Jedediah Jenkins, director of idea development for Invisible Children, called the criticism “myopic” and said the film represented a “tipping point” in that it got young people to care about an issue on the other side of the planet that doesn’t affect them.
#StopKony has been trending worldwide on Twitter since Tuesday, and, as of this writing, the video “Kony2012” has a combined 47 million views on YouTube and Vimeo — 32 million of which were in the last 20 hours alone.
Kony is undeniably brutal, and the World Bank estimates that under his leadership the LRA has abducted and forced around 66,000 children to fight with them during the past two decades.

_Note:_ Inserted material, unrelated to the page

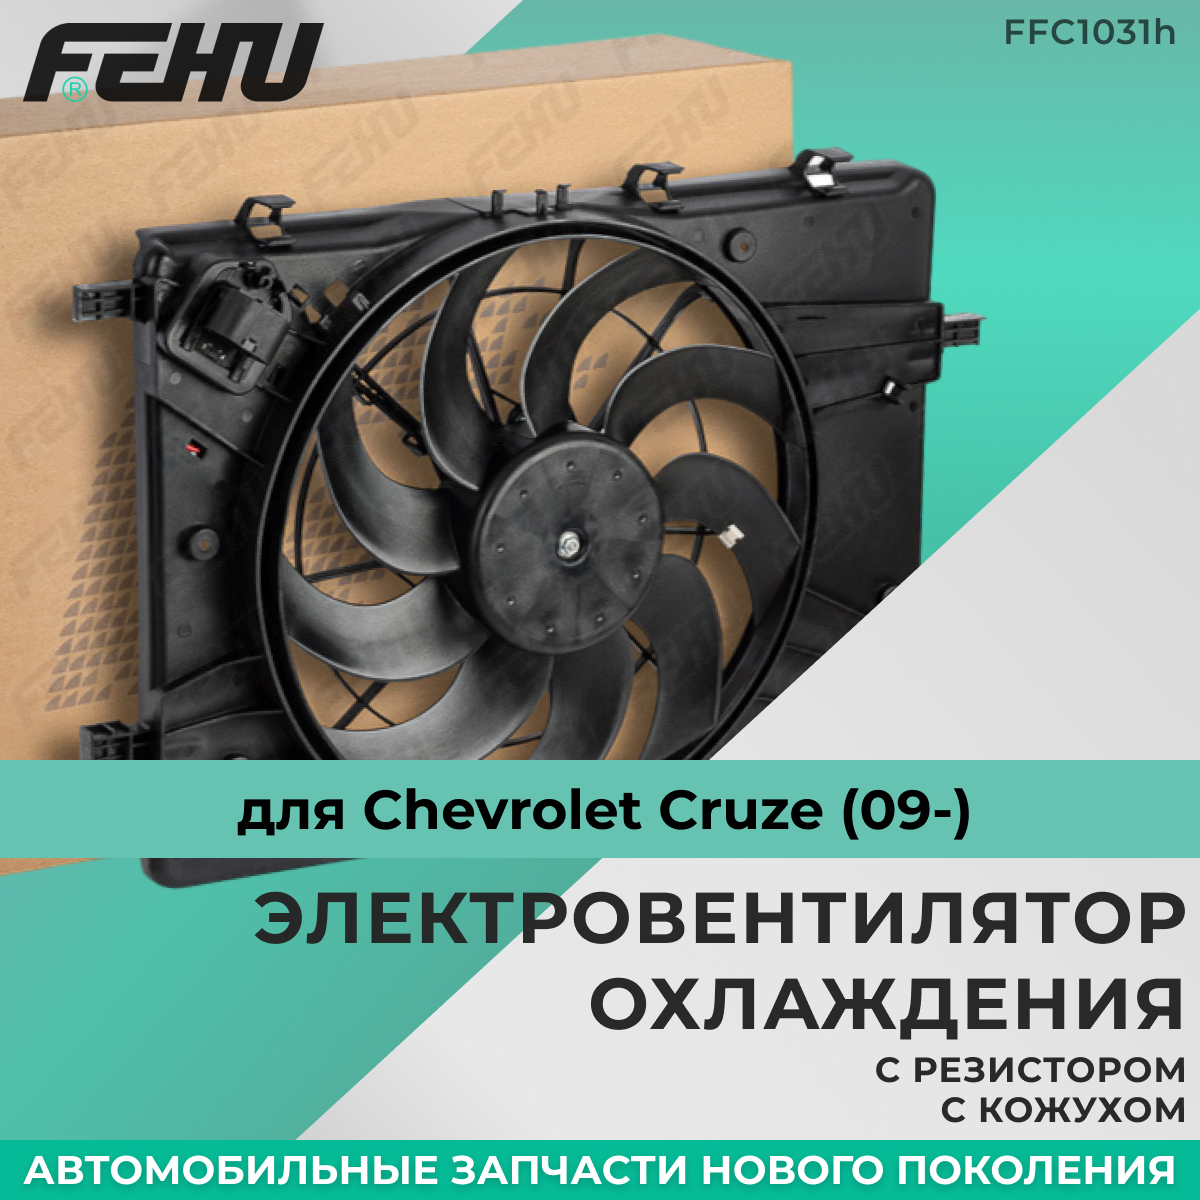 Электровентилятор охлаждения FEHU (феху) с кожухом с резистором Chevrolet Cruze (09-) арт.
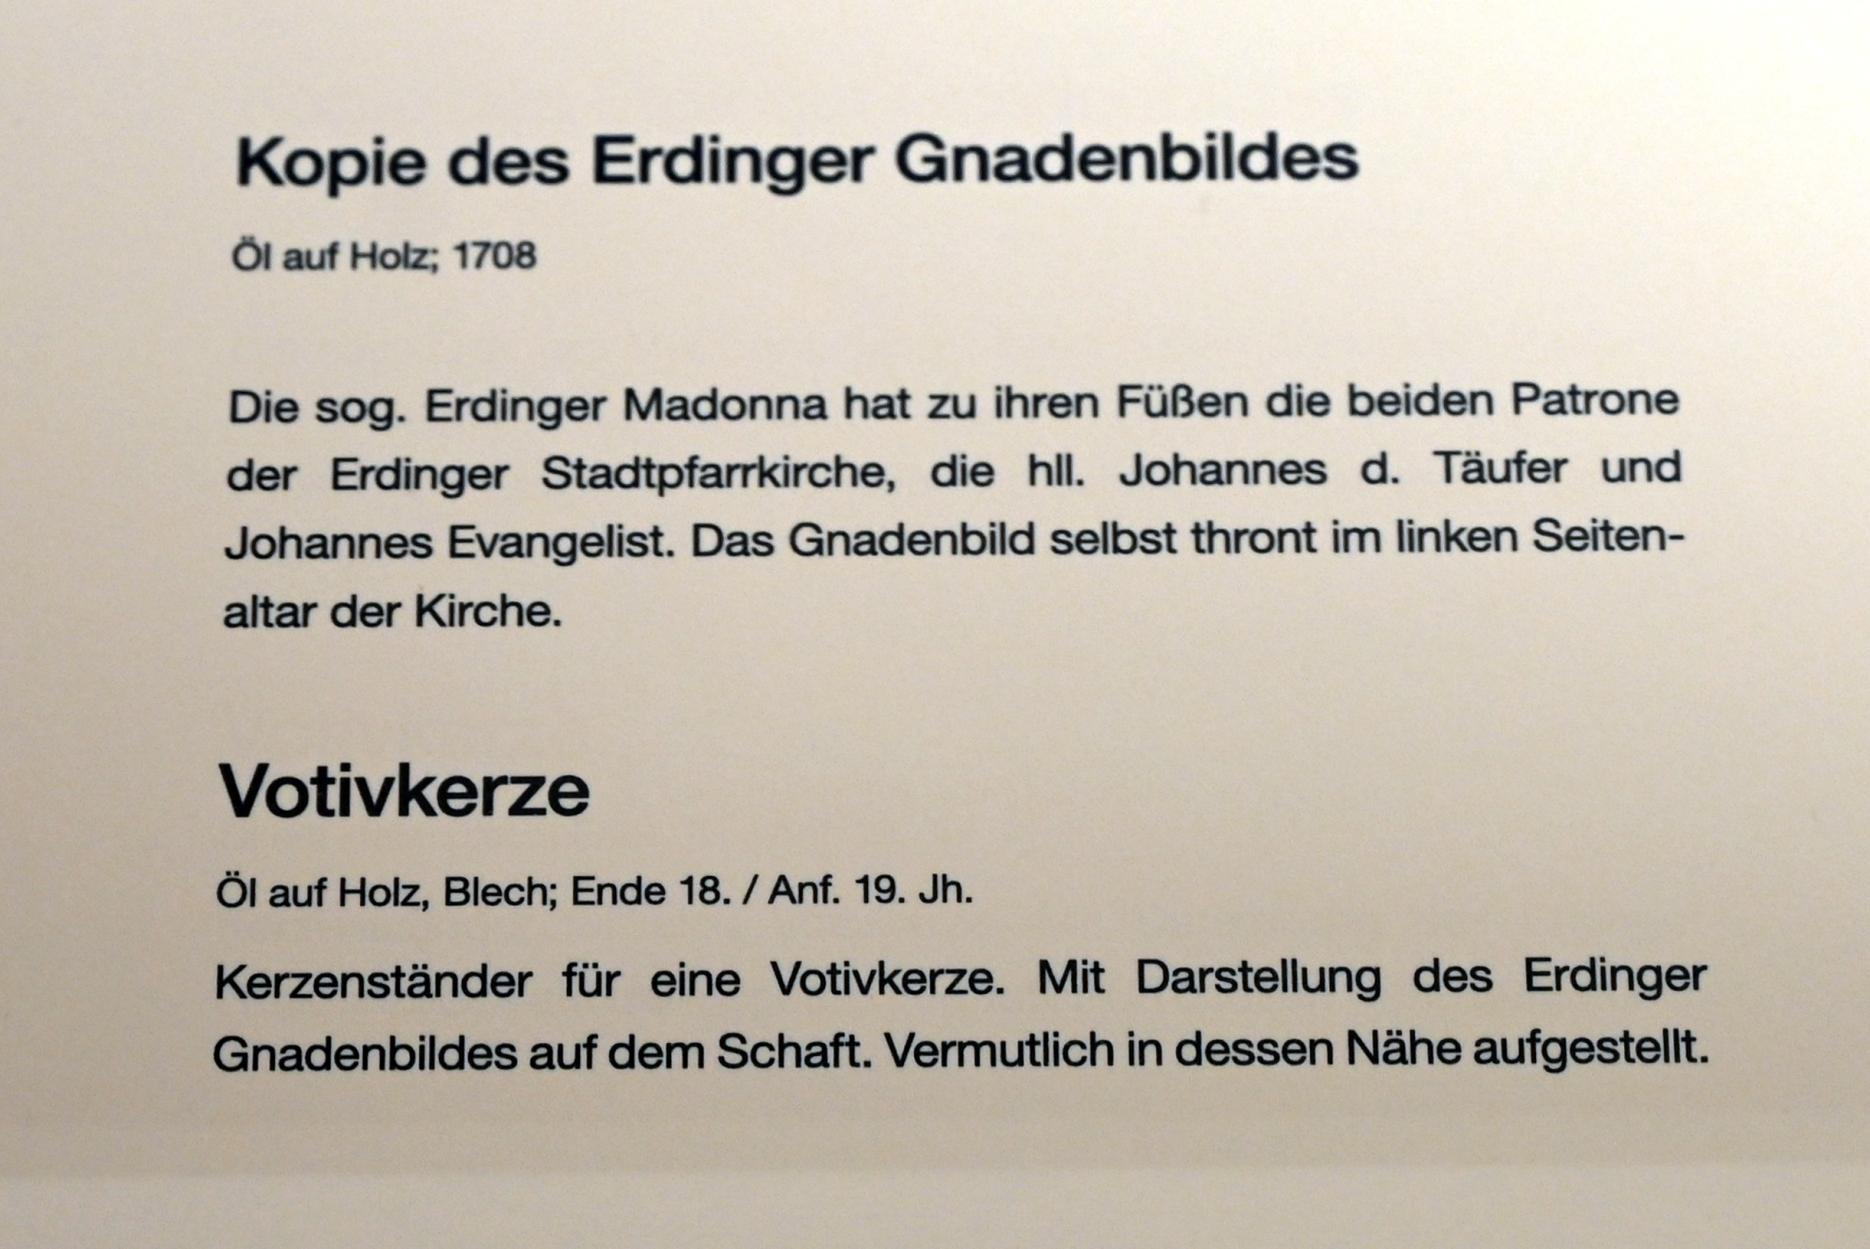 Kopie des Erdinger Gnadenbildes, Erding, Museum Erding, Volkskunst, 1708, Bild 2/2

In October, President Obama committed 100 U.S. troops to help the Ugandan army remove Kony.
But in November, a Foreign Affairs article pointedly challenged the tactics used by Invisible Children and other nonprofits working in the region. “Such organizations have manipulated facts for strategic purposes, exaggerating the scale of LRA abductions and murders and emphasizing the LRA’s use of innocent children as soldiers, and portraying Kony — a brutal man, to be sure — as uniquely awful, a Kurtz-like embodiment of evil,” the magazine wrote.
One of Invisible Children’s partner organizations, Resolve, responded to the accusation at the time in a blog post, calling it a “serious charge … published with no accompanying substantiation.”
Jenkins maintained Wednesday that the numbers of child abductions the charity uses are not exaggerated. They are often the same numbers as the ones used by Human Rights Watch and the United Nations, he said.
Charity Navigator, a U.S.-based charity evaluator, gives Invisible Children mixed rankings. The charity received four of four stars financially and two stars for the category of accountability and transparency.